Di pari passo con gli espropri vanno facendosi sempre più numerose le visite riservatissime di americani che, in coppie o piccoli gruppi, in divisa od in borghese, vengono a controllare l'andamento dei lavori. Di quando in quando, poi, fanno la loro comparsa reparti dell'esercito USA, che passano con le loro autocolonne, si accantonano qua e là per qualche giorno, poi ripartono per altra destinazione. Qualche settimana fa giungevano a Val Saisera numerosi soldati statunitensi, presumibilmente provenienti da Trieste. Là si lasciò circolare la voce che si trattasse di militari in convalescenza, bisognosi di respirare l'aria balsamica alpina prima di riprendere la vita del reggimento. a un bel giorno i «convalescenti» piazzarono nella valle dei vistosissimi cannoni e cominciarono lunghissime esercitazioni di tiro, che sterminarono migliaia di pini e abeti, unica fonte di ricchezza di quelle montagne. I valligiani avevano ripetutamente chiesto al governo opere di migliorie fondiarie: quella era la risposta. Compiuta la quotidiana ecatombe di alberi, i soldati scendevano a darsi bel tempo nei paesi vicini: a Ugovizza, Camporosso, Vallebruna. Violenti, volgari, arroganti, sempre in vena di intrecciare avventure amorose, questi baldi campioni della democrazia USA si può dire non lasciassero passare una serata senza menare le mani e provocare incidenti. Ed è con un senso di sollievo che in questi giorni gli abitanti di quei paesi salutano la partenza degli ultimi contingenti di truppe rimasti a contemplare i frutti della loro distruzione.

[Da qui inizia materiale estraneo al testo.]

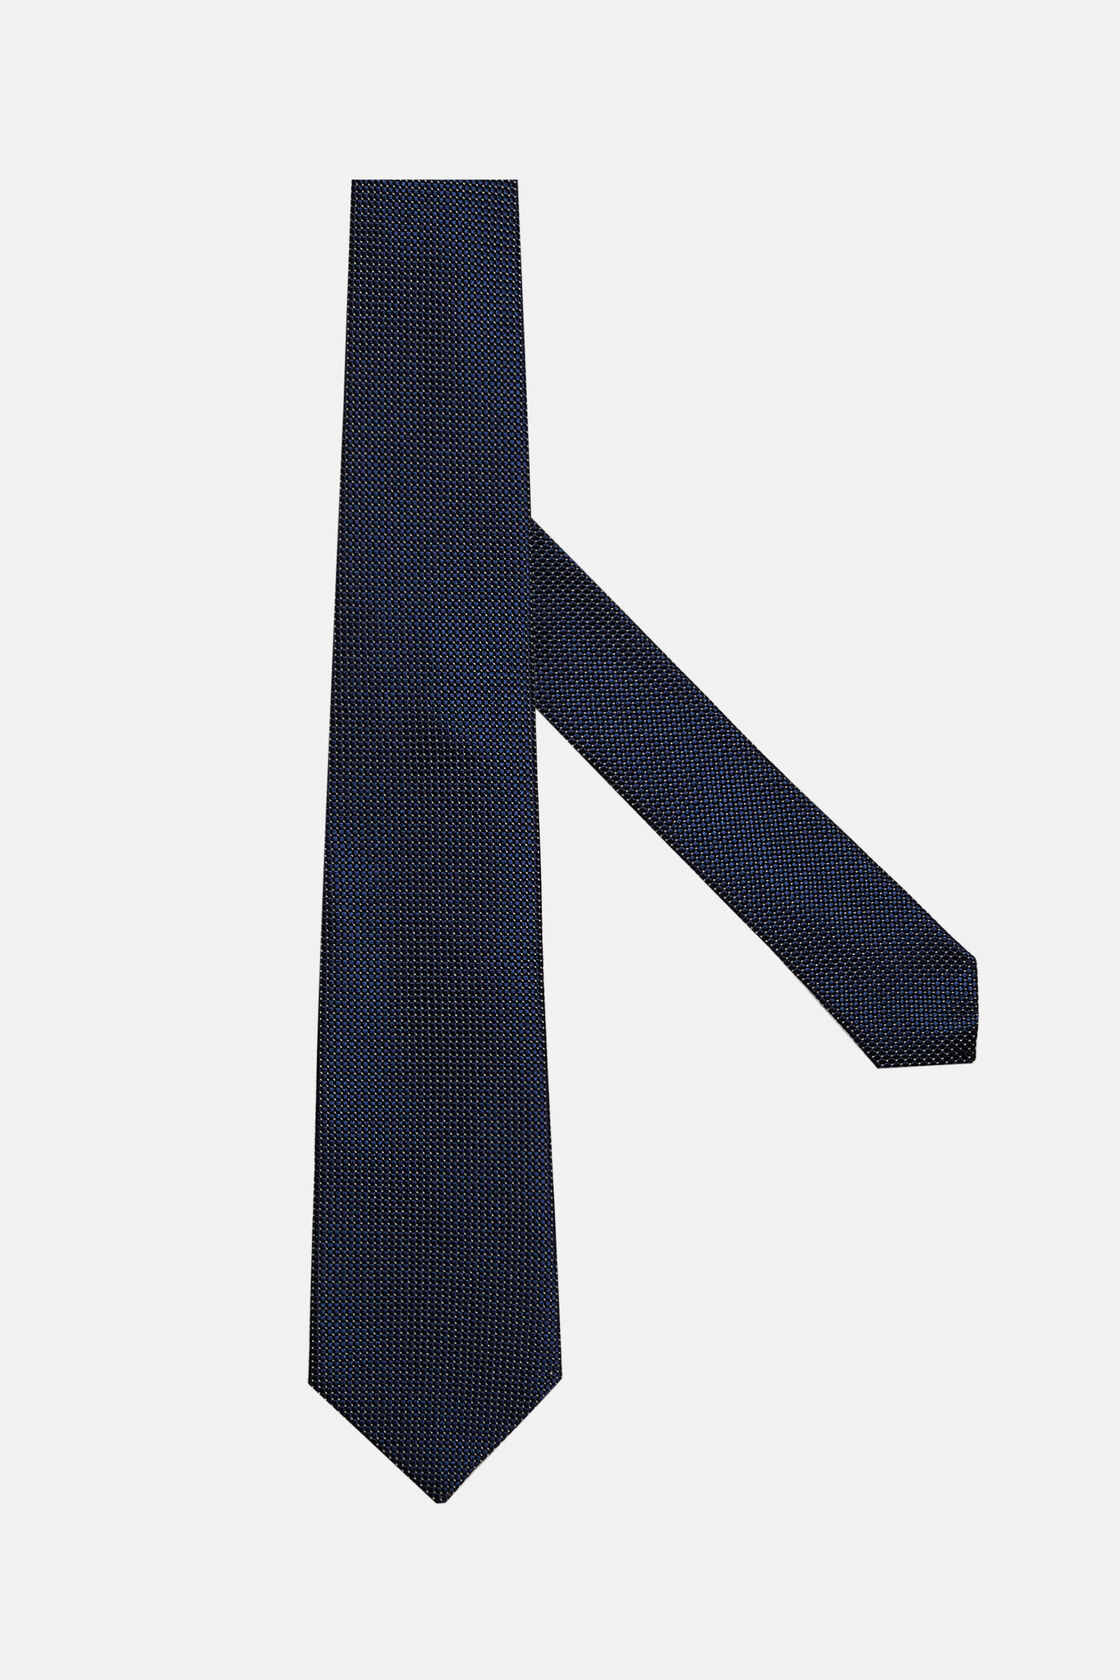 Mikromintás nyakkendő selyemkeverékből, Navy blue, hi-res

Durante la sua fulminea ispezione compiuta nell'Udinese al principio dell'estate, Ridgway disse ai generali ed ai giornalisti: «ci troviamo qui per svolgere il compito che ci è stato affidato dai nostri governi per la difesa della civiltà occidentale... ». Ora, quei governi — il nostro ed il suo, che sono poi la stessa cosa — non compiono un atto che non sia dettato dal proposito di accelerare l tempi dell'aggressione e le manovre che si svolgono contemporaneamente nel Friuli come in tutti i paesi atlantici non sono che un collaudo delle forze di primo impiego degli eserciti scelti per l'aggressione. I giornali governativi italiani — secondo le indicazioni degli uffici stampa militari — cercano ogni giorno di porre l'accento sul carattere difensivo delle manovre, ma l'attenzione dei comandi operativi si concentra assai più insistentemente sulla riuscita delle manovre offensive dei reparti azzurri, a cui è affidato il ruolo che dovrebbero sostenere domani gli eserciti della «civiltà occidentale ».

A rendere più verosimile, con la creazione di un vero e proprio stato d'assedio, questo carattere di «prova generale» della guerra, concorrono, con crescente zelo, funzionari della Questura e della Prefettura, il cui ideale più ambito sembra sia diventato ormai quello di guadagnarsi la palma di campioni dell'illegalismo.

Vietata la festa dell'Unità ad Udine, vietata la serata di danze per l'elezione di Miss Vie Nuove, a San Daniele del Friuli, vietata persino l'assemblea del soci delle latterie cooperative di cui dicevo ieri”, in Gli americani distruggono a cannonate interi boschi di pini e abeti nel Friuli.